Lesson Summary • All cells are very small because they need to pass substances across their surface. Their small size gives them a relatively large ratio of surface area to volume, facilitating the transfer of substances. The shapes of cells may vary, and a cell’s shape generally suits function. • Cells are diverse, but all cells contain a plasma membrane, cytoplasm, ribosomes, and DNA. • Prokaryotic cells are cells without a nucleus. They are found in single-celled organisms. Eukaryotic cells are cells with a nucleus and other organelles. They are found mainly in multicellular organisms. • The plasma membrane is a phospholipid bilayer that supports and protects a cell and controls what enters and leaves it. • The cytoplasm consists of everything inside the plasma membrane, including watery cytosol and organelles. The cytoplasm suspends the organelles and does other jobs. The cytoskeleton crisscrosses the cytoplasm and gives the cell an internal framework.

Lesson Summary • The nucleus is the largest organelle in a eukaryotic cell and contains most of the cell’s DNA. Other organelles in eukaryotic cells include the mitochondria, endoplasmic reticulum, ribosomes, Golgi apparatus, vesicles, vacuoles, and centrioles (in animal cells only). Each type of organelle has important functions in the cell. • Plant cells have special structures that are not found in animal cells, including a cell wall, a large central vacuole, and organelles called plastids. • Cells can exist independently as single-celled organisms or with other cells as multicellular organisms.
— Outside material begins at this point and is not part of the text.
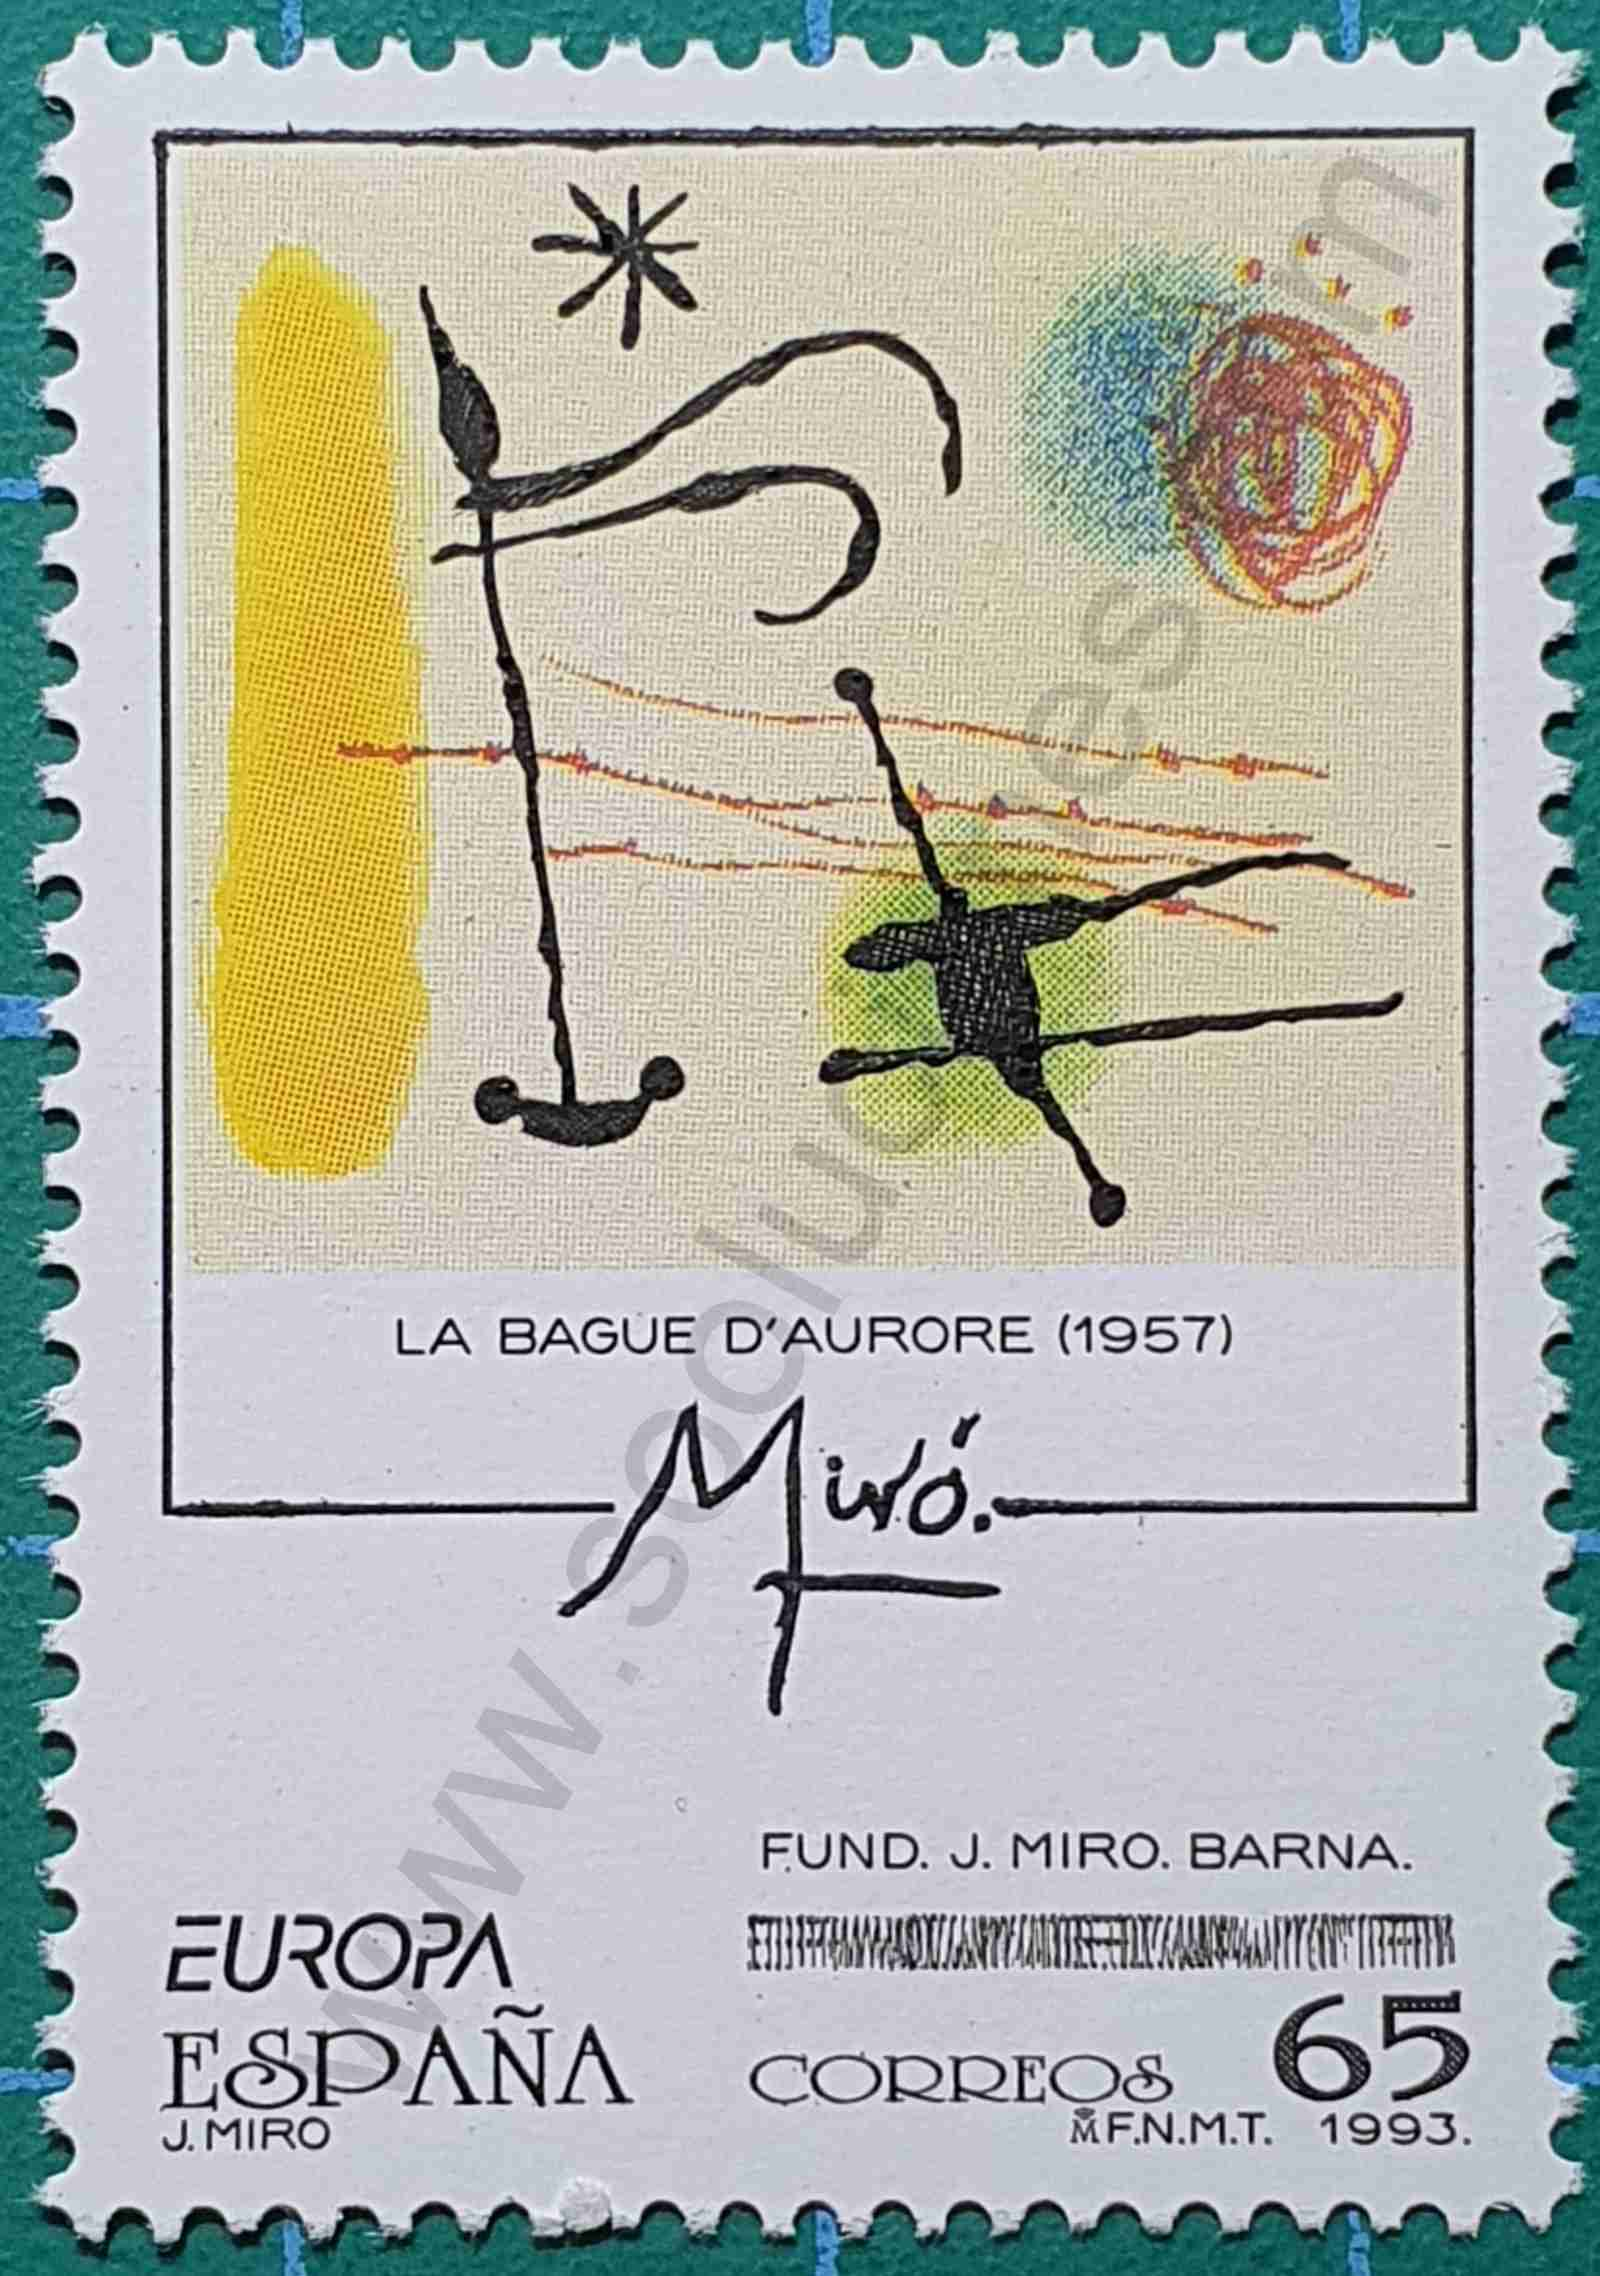 La Bague d'Aurore - Sello España 1993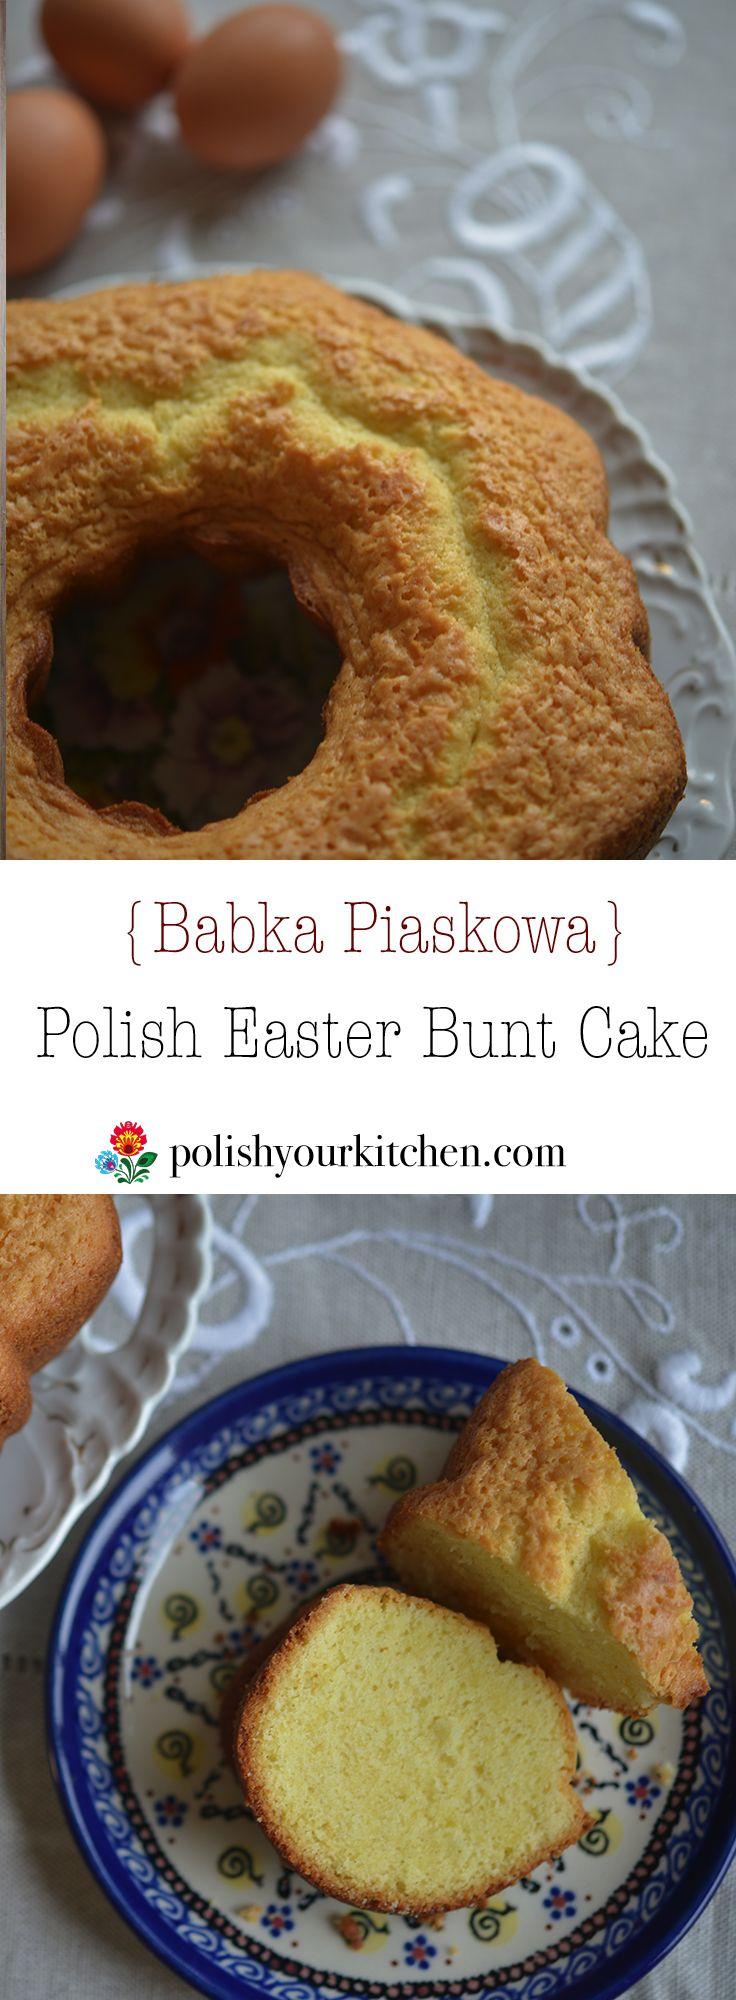 Simple recipe for favorite polish dessert babka sweet light and simple recipe for favorite polish dessert babka sweet light and soft cake forumfinder Images

Cells of a multicellular organism can be organized at the level of organelles, cells, tissues, organ systems, and organisms. • The biological levels of organization found in multi-cellular organisms work together to maintain homeostasis in living things. • Organelles present in unicellular organisms often act in the same manner as the tissues and systems found in multi-cellular organisms. The organelles in unicellular organisms perform all of the life processes needed to maintain homeostasis, by using specialized cell organelles.